Сучья жалобно шипели, пуская к потолку белесоватый и горький дымок. Потом в этом чаду стало пробиваться робкое пламя. Осмелев, оно начало кочевать по хворосту и играть на нем своими легкими, как у ящерицы, язычками. Дыма стало меньше, и он не так ел глаза. Инари сел у очага, снял с пояса гранаты, отложил подальше от огня и снова стал размышлять о будущей своей жизни, о Хильде, и на этих приятных мыслях настиг его крепкий сон.

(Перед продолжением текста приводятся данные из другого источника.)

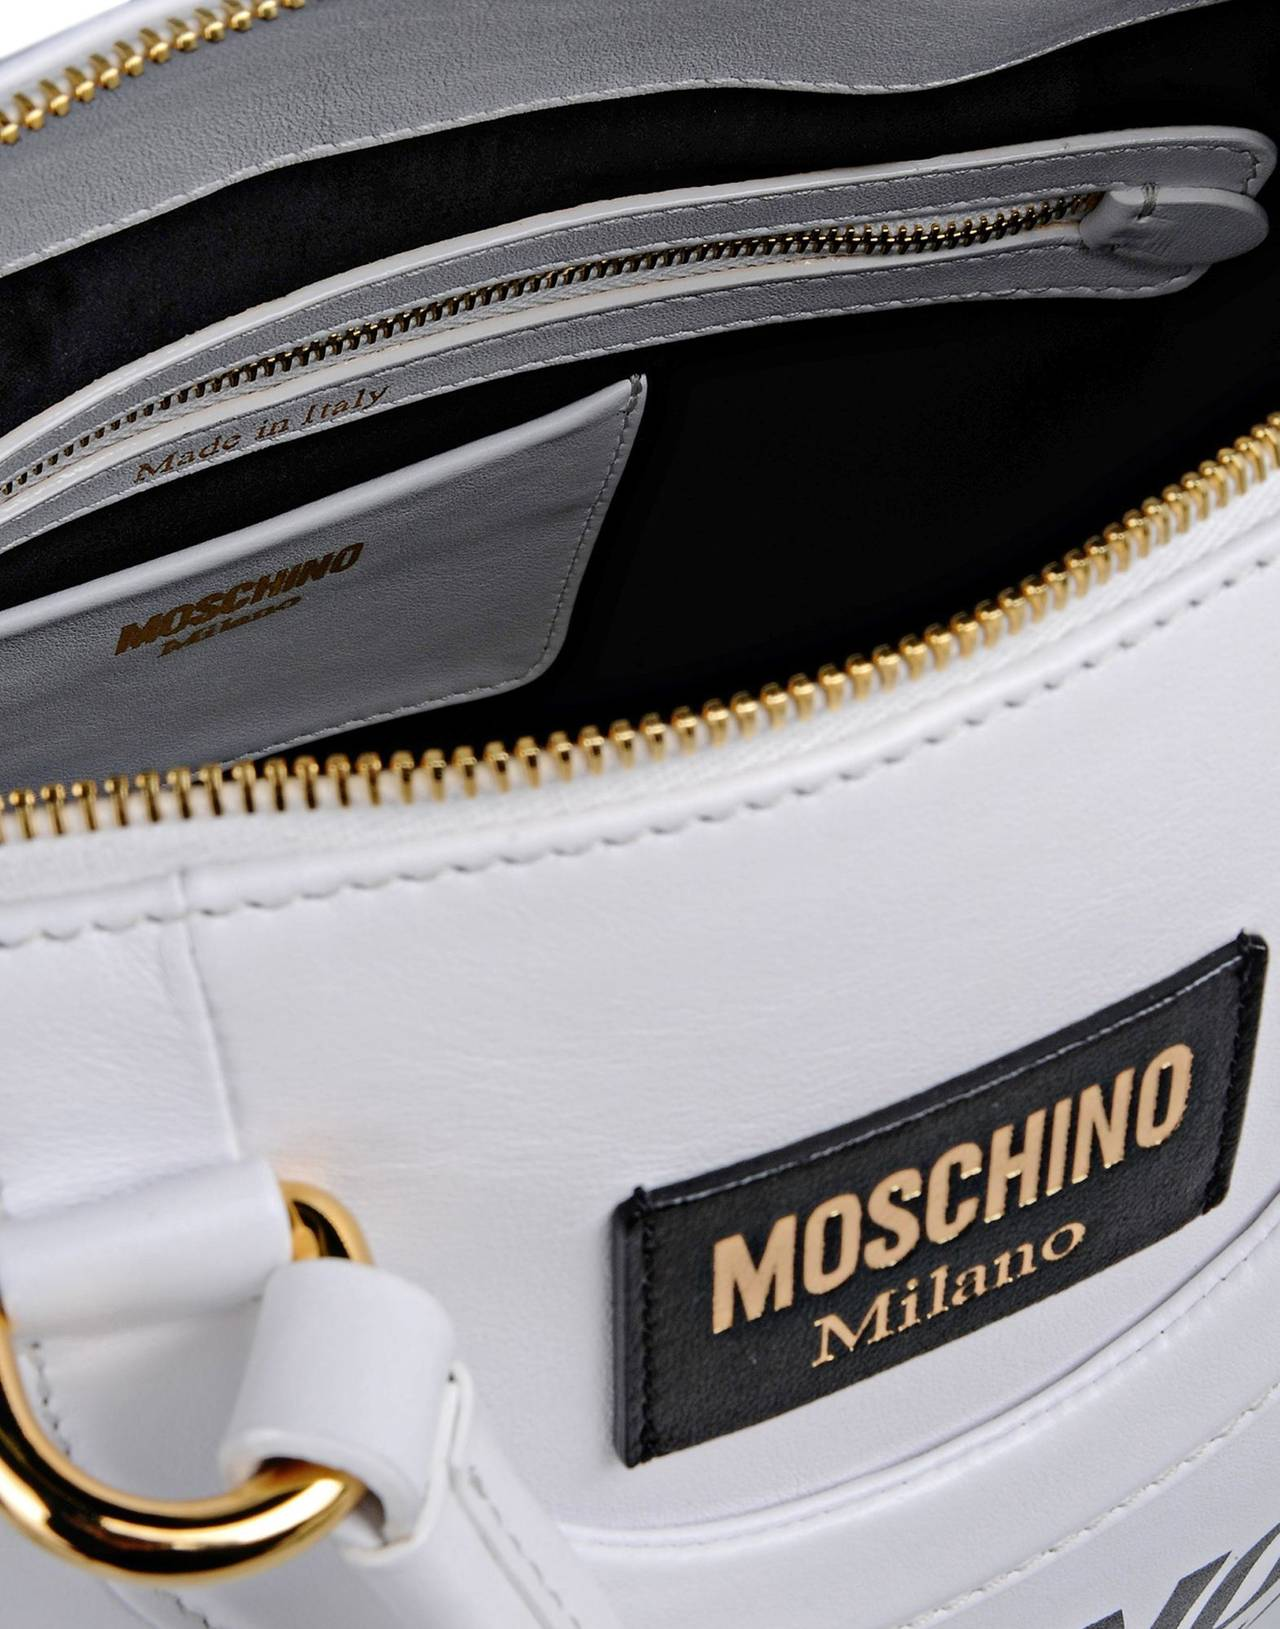 Moschino Milano t Shirt Not a Moschino T-shirt

Ласково потрескивали сучья. От накаляющихся камней стало тепло.
На дворе огромная холодная и тихая ночь. Ночь без звука, без волчьего воя, без совиного крика. В такую ночь за километр слышен любой звук.
Инари крепко спал, растянувшись на полу сторожки. Ему снился сон.

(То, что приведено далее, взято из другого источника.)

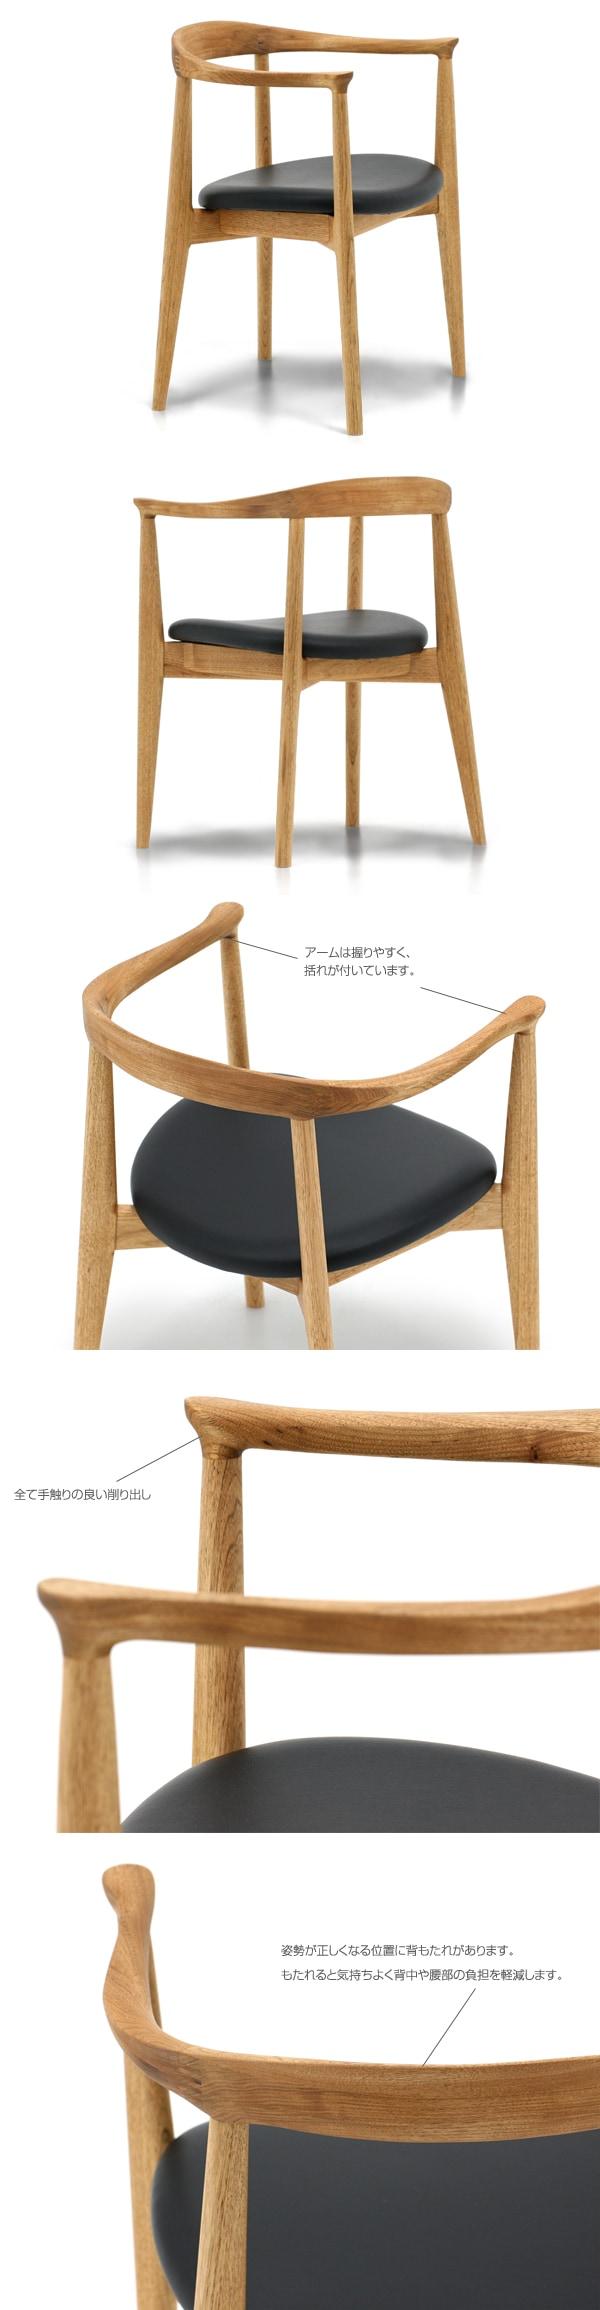 手作り,家具,椅子,ハンドメイド,北欧スタイル家具,天然木

Хильда шла навстречу, протянув к нему руки, и позади, закрытое ее головой, вставало солнце. Лучи солнца пробивались сквозь пряди ее светлых волос, и волосы, казалось, сами светились идущим изнутри сиянием.
«Это уже когда-то было со мной. Она так же шла, сияя, протянув мне навстречу руки, такая же стройная, — радостно подумалось Инари, — это было в раннем детстве. Нет, это не могло быть, я ведь старше ее намного».
И он пошел навстречу к ней и взял ее за крепкие руки и услышал концами пальцев своих и всем сердцем своим, как пульсирует ее жилка у запястья.
Этот сон переполнил его таким ясным ощущением счастья, что проснулся он с улыбкой на губах.
Проснулся он оттого, что кто-то настойчиво стучал в запертую им изнутри дверь.
«Наконец догнали меня, а я уж выспаться успел», — подумал он и вскочил, чтобы открыть дверь.
Но все же из предосторожности он спросил:
— Кто?
— Свои, партизаны, — услышал он в ответ.
И он спокойно открыл дверь.
После темноты сторожки его ослепило яркое дневное солнце и сверкающий своей нетронутой белизной недавно выпавший снег.
Прямо перед ним, наведя на его грудь револьвер, стоял финский офицер.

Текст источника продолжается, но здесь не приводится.